Harlan Marshall Jacobson (born February 15, 1949) is an American film critic and scholar.

==Education==
Harlan Jacobson received a bachelor's degree in English from Haverford College in 1971.

==Career==
Jacobson has interviewed numerous actors, musicians, directors, and producers over his 30-year career, some of whom include Martin Scorsese, Spike Lee, Steven Spielberg, Francis Ford Coppola, Robin Williams and Mia Farrow.

Jacobson's interview with Michael Moore ("Michael & Me") in the December 1989 edition of Film Comment Magazine for the film Roger & Me sparked an international debate over the methodology of Moore's misrepresentation of then General Motors CEO Roger Smith in the film.

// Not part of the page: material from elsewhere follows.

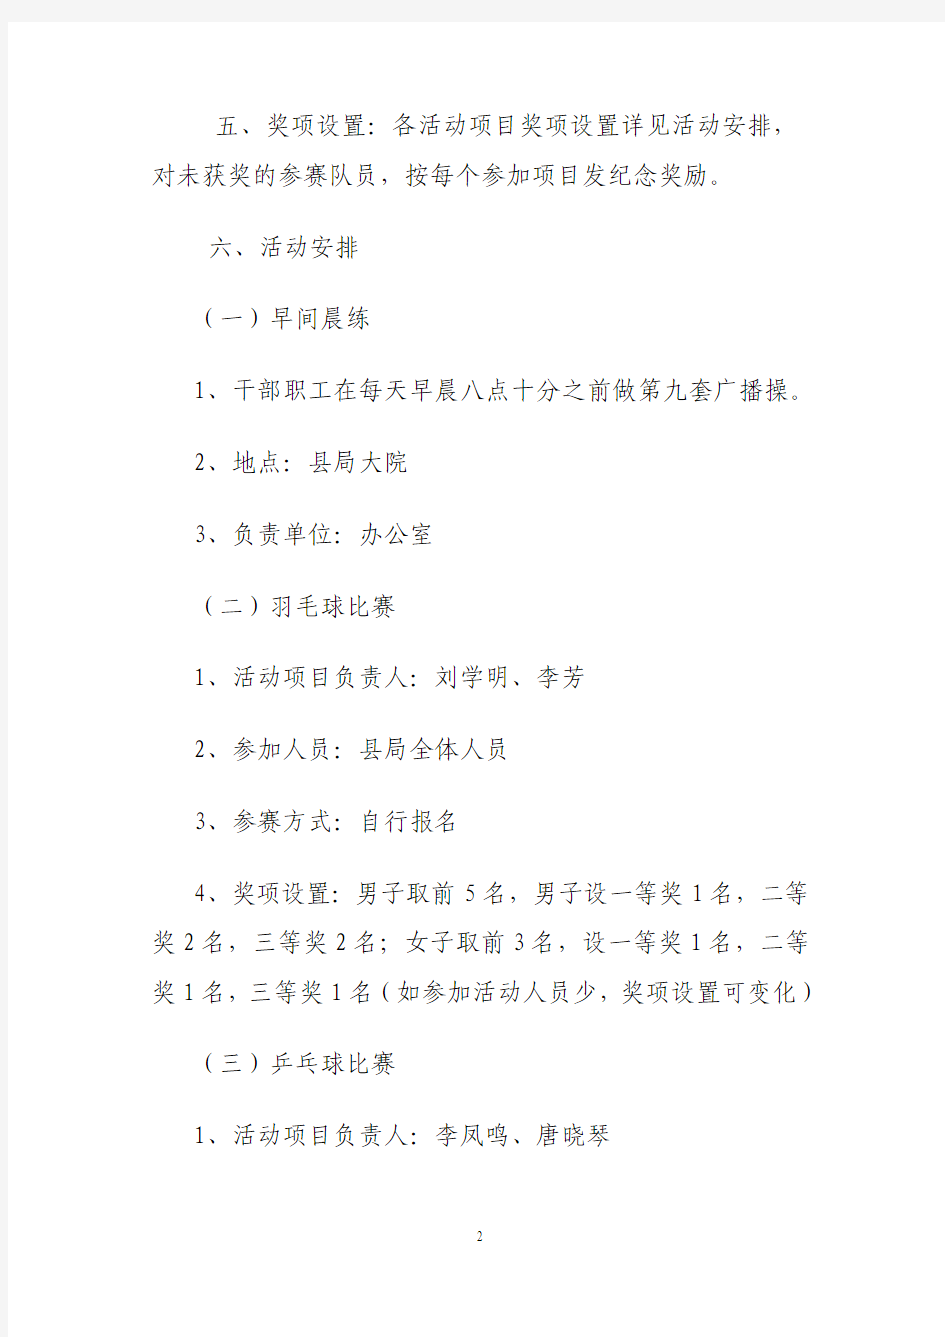 山丹县国家税务局关于举办“五一”运动会的通知

From 1982 to 1990 Harlan Jacobson was the Editor-in-Chief of Film Comment Magazine. He continues to contribute articles and interviews to this day.

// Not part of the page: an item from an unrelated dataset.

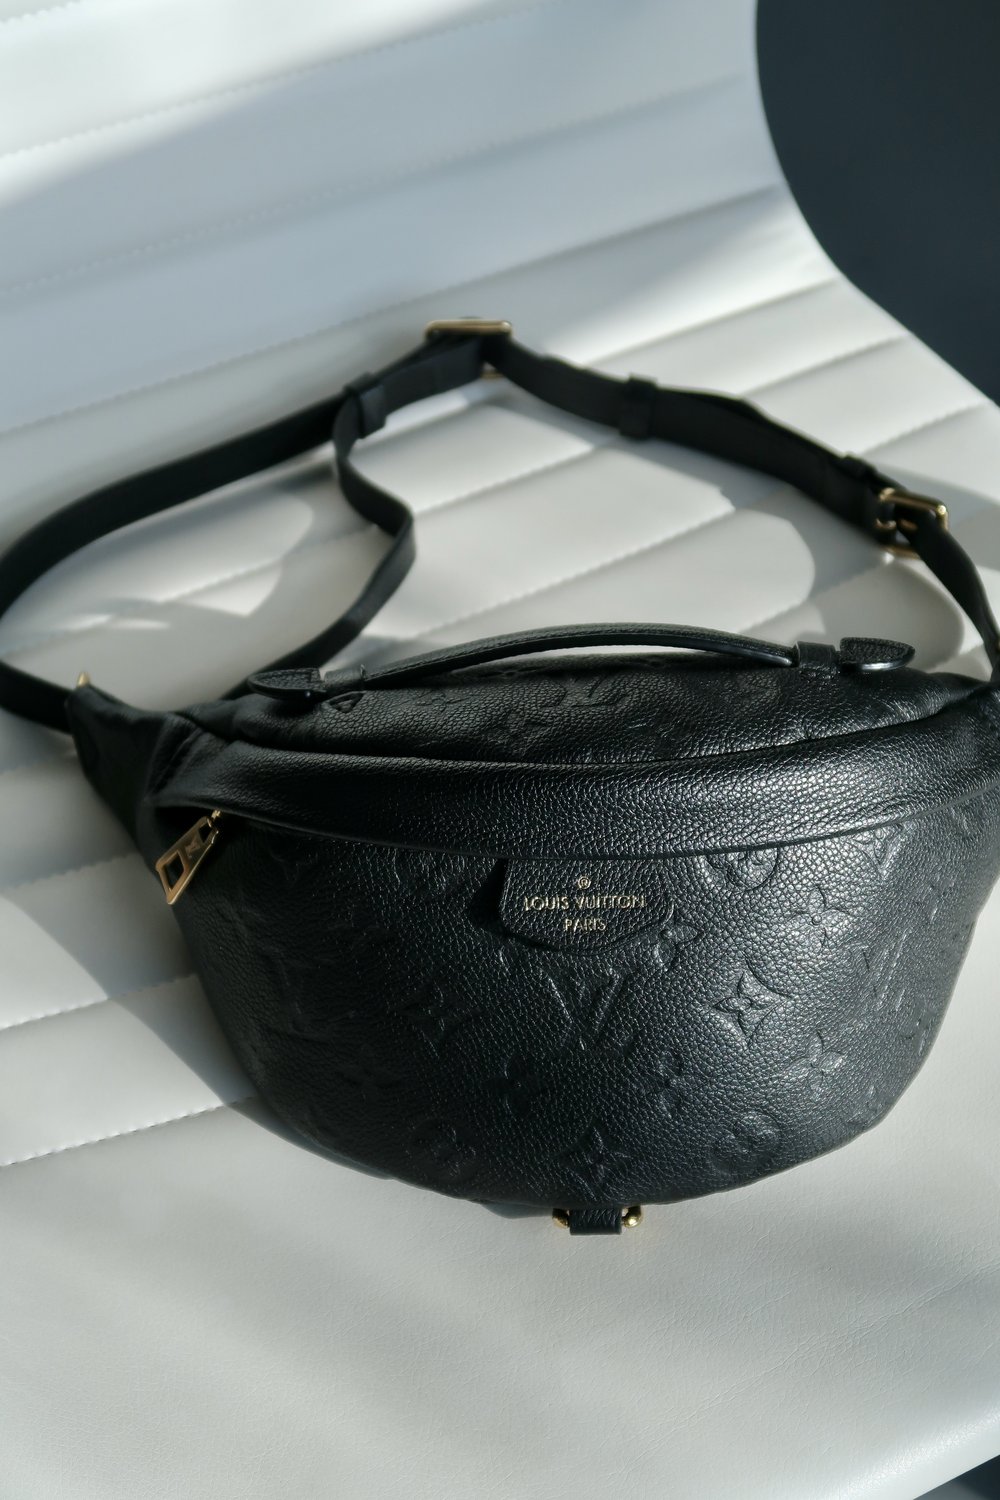 Louis Vuitton Monogram Empreinte Bum Bag Black Noir Leather Travel Fanny  Pack

Jacobson was a contributing author in Variety's History of Show Business (Abrams, 1993), Jim Jarmusch's Stranger Than Paradise (Univ. Mississippi Press / 2001) as well as Steven Soderbergh's The King of Cannes: Truth or Consequences (Univ. Mississippi Press / 2002).

In 1992, Jacobson and his wife Susan created the national sneak preview and discussion program Talk Cinema, a multi-city film discussion series for film lovers, which has early showings of new films with comments by a local critic and audience participation. Talk Cinema Travels hosts guided tours to international film festivals in Cuba, Iceland, Israel, Spain, California and to a variety of other regional and international festivals.